A previous expression analysis using NST2 promoter-GUS reporter gene showed little GUS signal in stems,¹¹ indicating that the promoter sequence used may not contain all the cis-elements required for the proper expression of the endogenous NST2 gene since some cis-elements for certain genes may be located intragenically.¹⁷ To further ascertain the cell-type specific expression pattern of NST2 observed by quantitative PCR analyses, we employed the entire NST2 gene sequence, including a 3-kb 5′ upstream sequence, the entire exon and intron region, and a 2-kb 3′ downstream sequence, to perform GUS reporter gene expression analysis. Examination of GUS expression in transgenic plants showed that the GUS staining was only present in interfascicular fibers but not in vessels of the protoxylem in elongating internodes of stems (Fig. 2A). In non-elongating internodes where secondary wall deposition is evident in interfascicular fibers and in vessels and xylary fibers of the metaxylem, the GUS staining was prominent in interfascicular fibers and xylary fibers but not in vessels (Fig. 2B). These results demonstrate that NST2 is expressed in both interfascicular fibers and xylary fibers in stems, implicating its possible role in regulating secondary wall biosynthesis in these cell types.
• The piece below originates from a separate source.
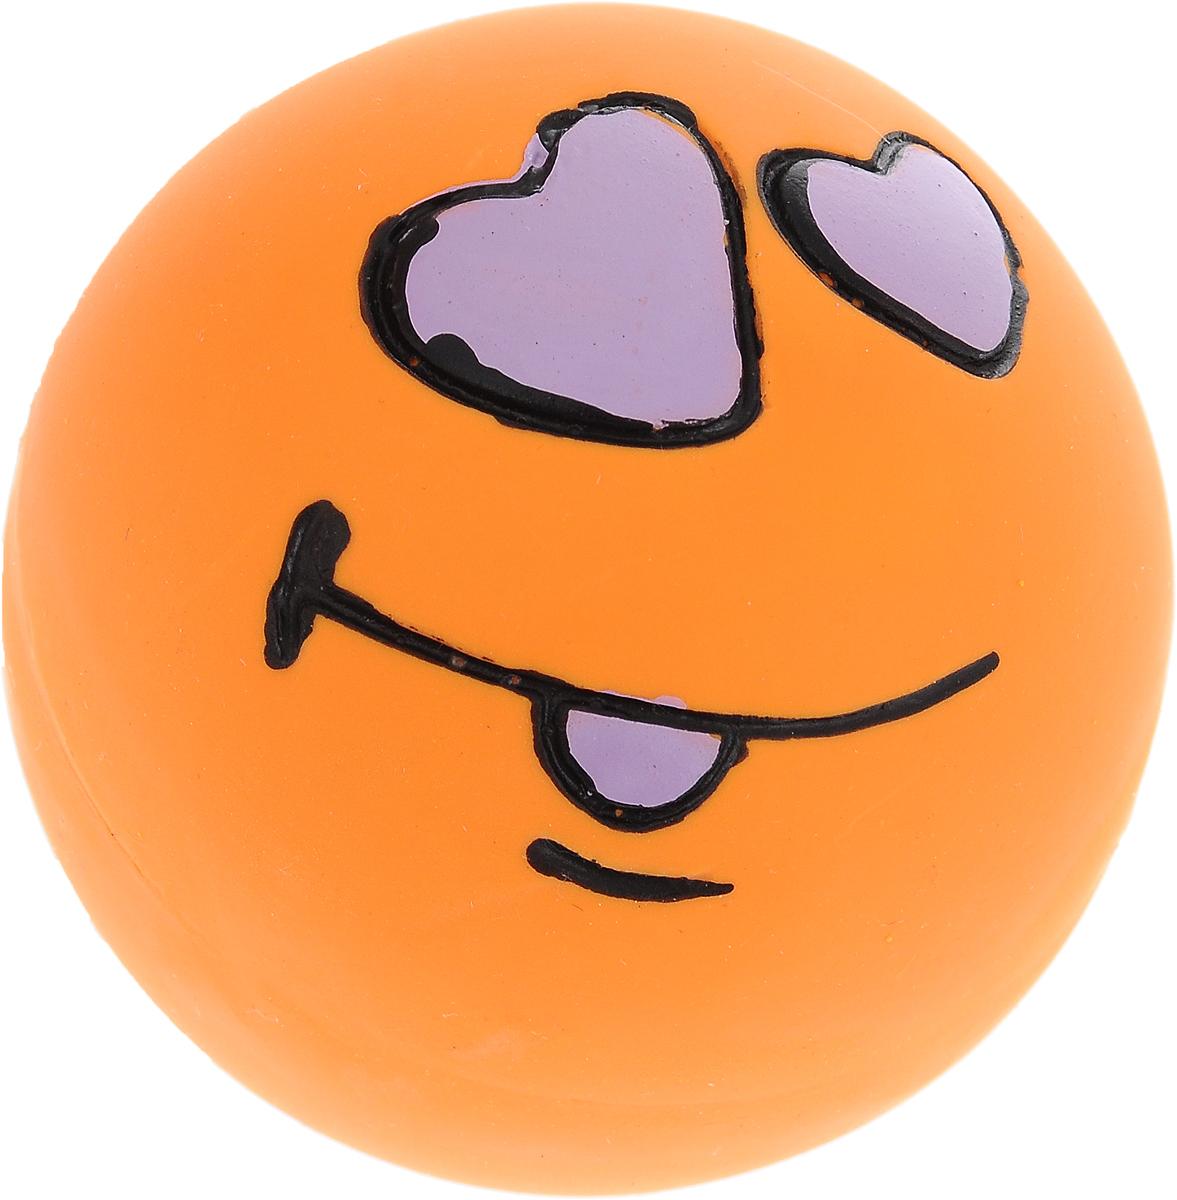 Игрушка для собак Dezzie Мяч. Любовь, с пищалкой, диаметр 6 см12171996Очаровательная игрушка Dezzie Мяч. Любовь обеспечит веселый досуг вашей собаке. Она безопасна для здоровья животного. Латекс не твердеет под действием желудочного сока, поэтому игрушку можно смело покупать даже самым маленьким щенкам. В мяч встроена пищалка. С такой игрушкой ваш питомец точно не будет скучать.Диаметр игрушки: 6 см.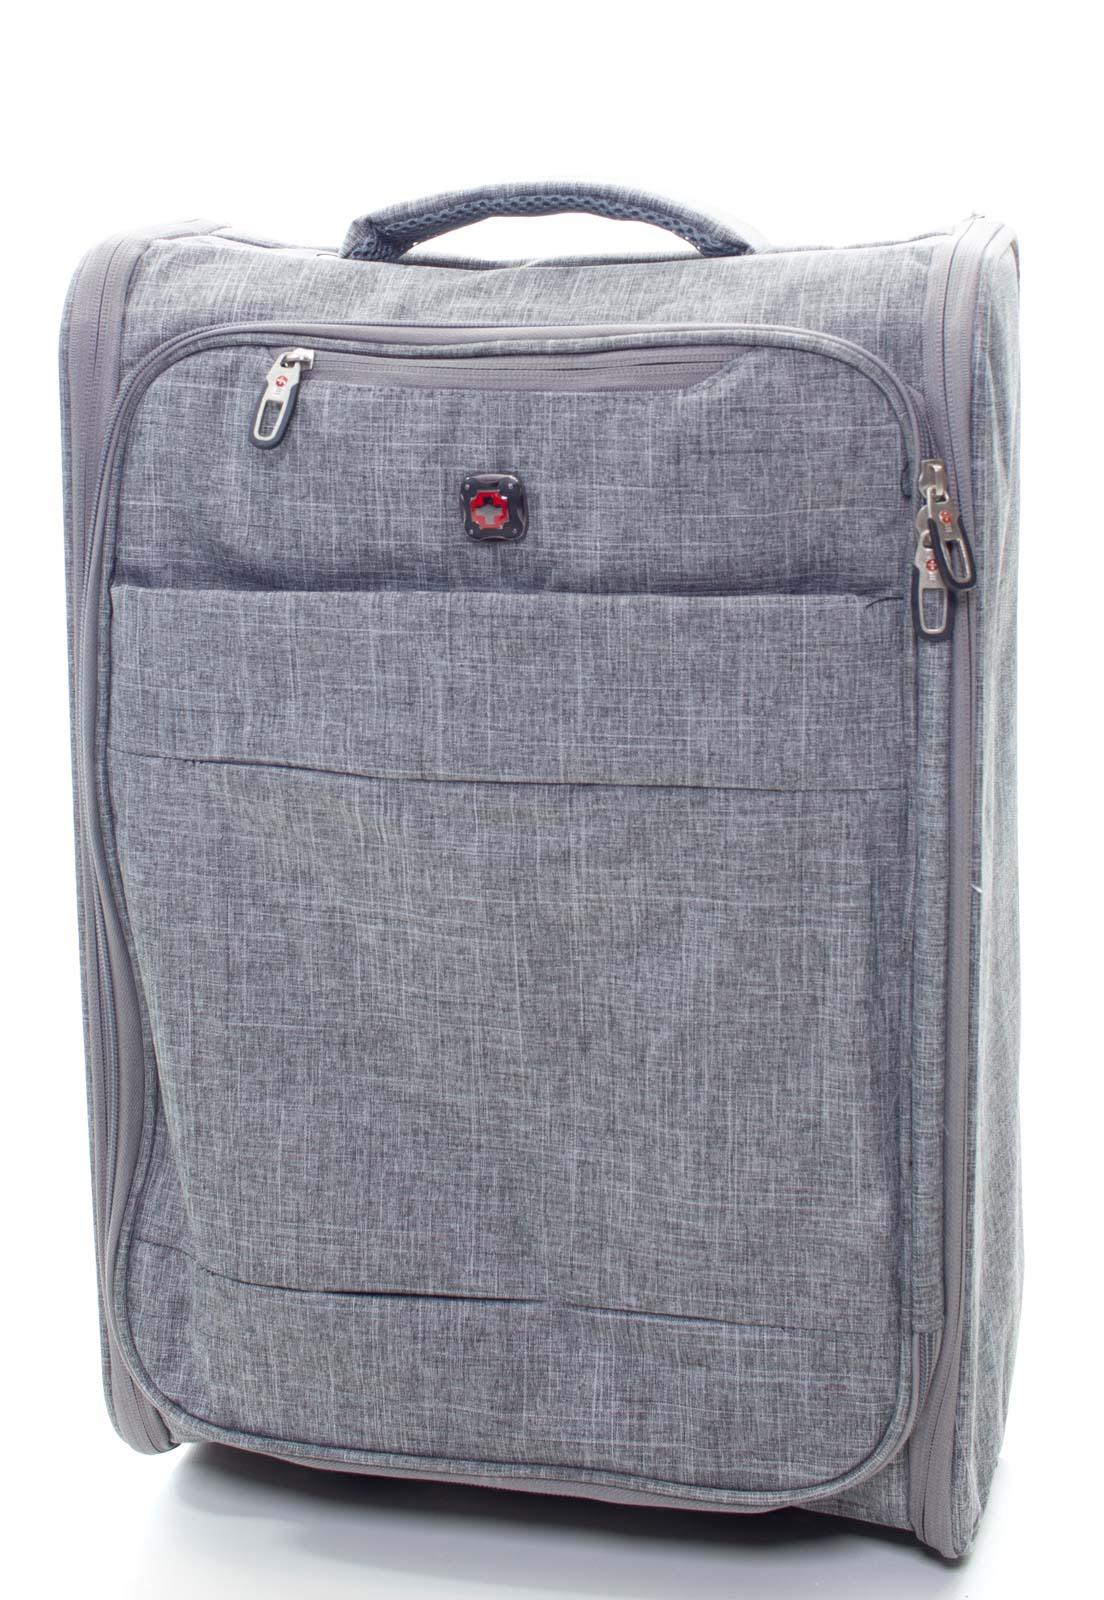 Mala De Bordo 10 kg de Viagem Pequena Dobrável Swiss Global Bag - 47623  - CROCKER JEANS

In the root-hypocotyl region where extensive secondary growth occurrs, the GUS staining was seen in the secondary phloem but not in the secondary xylem (Fig. 2C). Since fiber cells are present in the secondary phloem of the root-hypocotyl region, it is possible that NST2 is involved in regulating secondary wall biosynthesis in phloem fibers in the root-hypocotyl region.

Figure 2. — Fiber-specific expression of *NST2* and *NST1* in *Arabidopsis* stems and root-hypocotyl region. The *NST2* and *NST1* genes were fused with the GUS reporter gene to generate the expression constructs, which were transformed into *Arabidopsis* plants. The first generation of transgenic plants was used for examination of GUS activity (shown as blue). (**A and D**) Cross sections of elongating internodes showing specific expression of *NST2-GUS* (A) and *NST1-GUS* (D) in developing interfascicular fibers. (**B and E**) Cross sections of non-elongating internodes showing specific expression of *NST2-GUS* (B) and *NST1-GUS* (E) in interfascicular fibers and xylary fibers (red arrows) but not in vessels (black arrows). (**C and F**) Cross sections of the root-hypocotyl region showing expression of *NST2-GUS* in the secondary phloem (C) and *NST1-GUS* in the secondary xylem (F). The inset in (F) is an enlarged portion of the secondary xylem showing GUS staining in xylary fibers but not in vessels. co, cortex; if, interfascicular fiber; mx, metaxylem; px, protoxylem; sx, secondary xylem; ve, vessel; xf, xylary fiber. Bar in (A) = 145 μm for (A) to (F).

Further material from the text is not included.